Your photograph of Grand Central Station, meanwhile, brings the focus closer to home. Can you talk about that picture?

That was part of my "Last Roll of Kodachrome" project, where I photographed iconic people and places around the world. When I was in New York I immediately thought of Robert DeNiro, but when I was thinking of architecture I tried to decide what in New York would be considered an icon. There's the Statue of Liberty, of course, but for architecture the best example would be Grand Central Station. So that's what I did.

How would you say your work has changed over the course of your career?

Oh boy, that's a good question. Hopefully it's improved [laughs]. It's hard to articulate.I think in time you understand your craft better and you become more perceptive—you understand light and elements that make pictures better. Maybe you just understand life better. Hopefully you make better pictures as you get more perceptive of the world around you.

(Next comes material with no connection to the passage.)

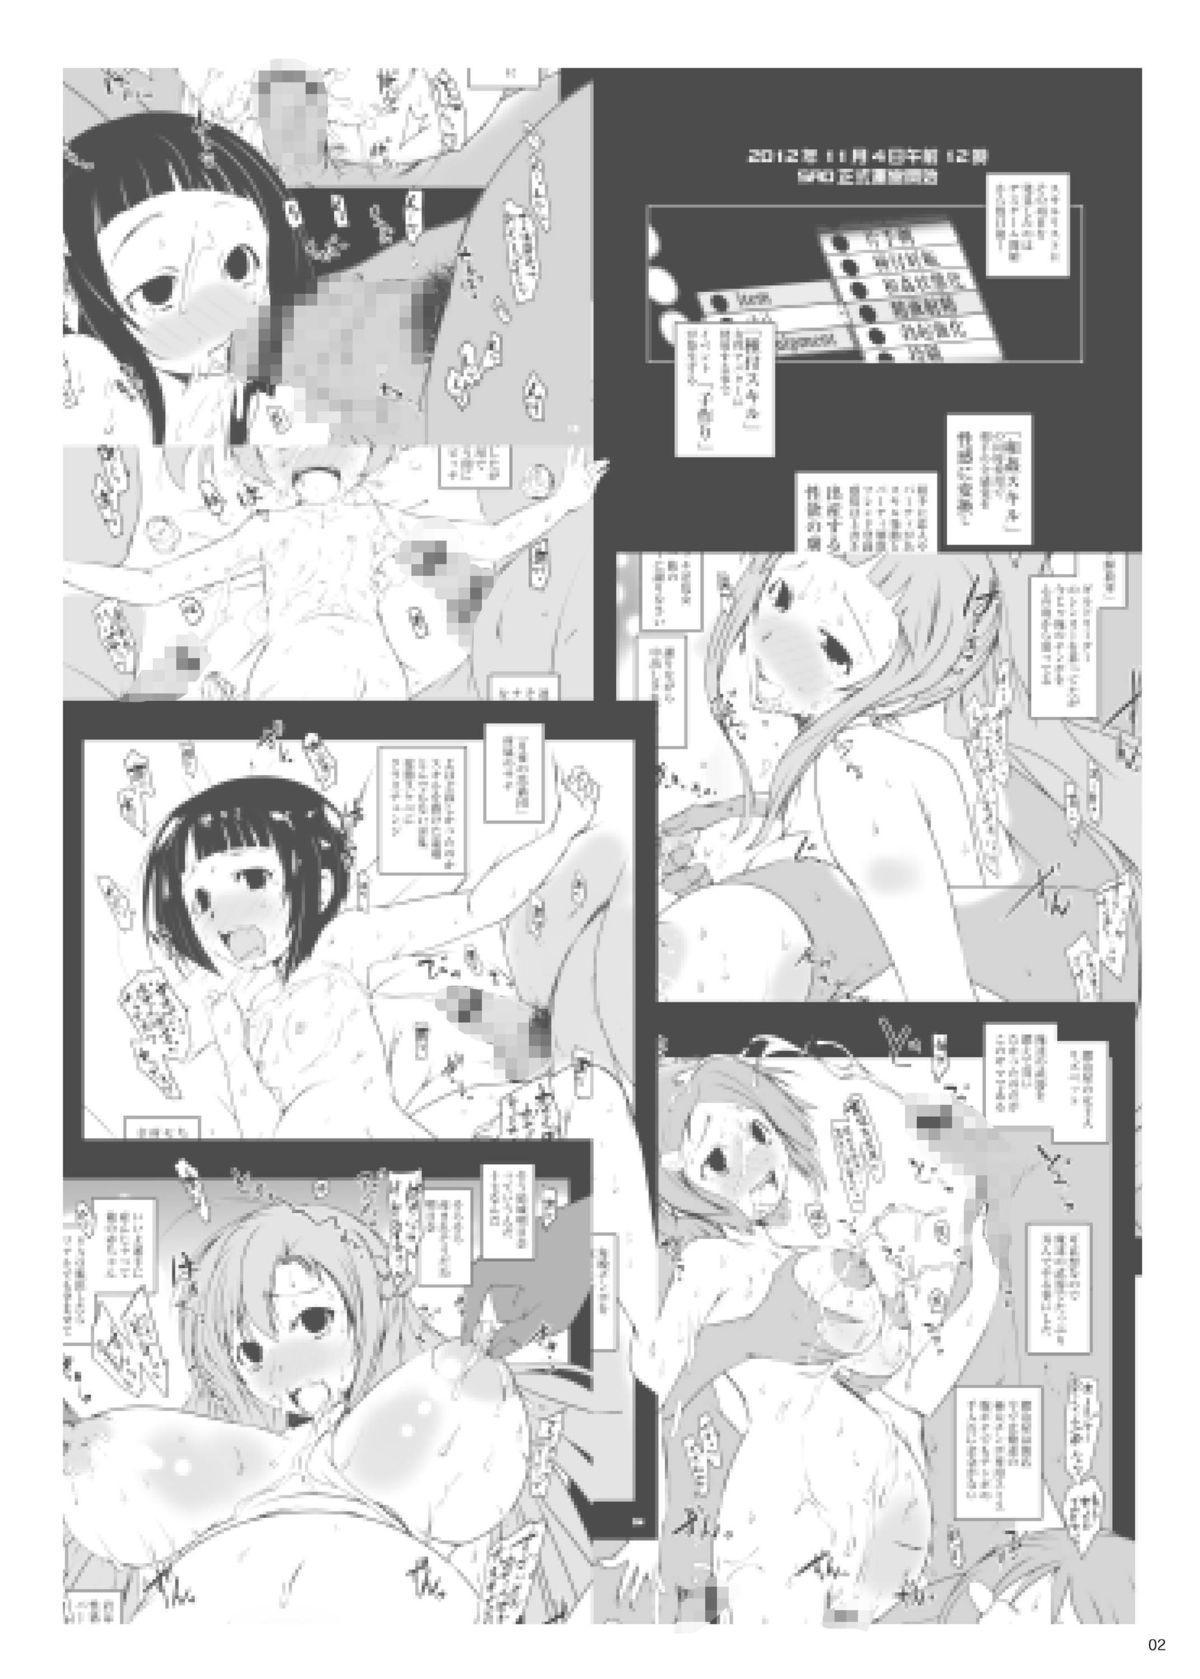 [Suitekiya (Suiteki-ka Yū-min)]Kennai Mating Scandal (1: Einclad / 2: Fairy Dance) SAO The Complete (Sword Art Online) 17

What do you hope people get out of your photographs?

I think that in photography, as in writing or painting, there's an attempt to make some comment, some statement—to communicate something about your time on this planet. I think photography is a pleasure. One photographs or writes because it gives you a certain pleasure. It's satisfying to see things and observe things and then share that.

That's interesting because the idea of pleasure goes back to the idea of beauty in your photographs, since their symphonic composition and colors are very pleasurable to look at.

Well, as I said, there's a meditative aspect to it. For me, anyway, when I'm walking around photographing, I get into a particular zone or mindset where I think I become much more attuned to the world around me. It's a joy to be alive, and maybe that's what comes through.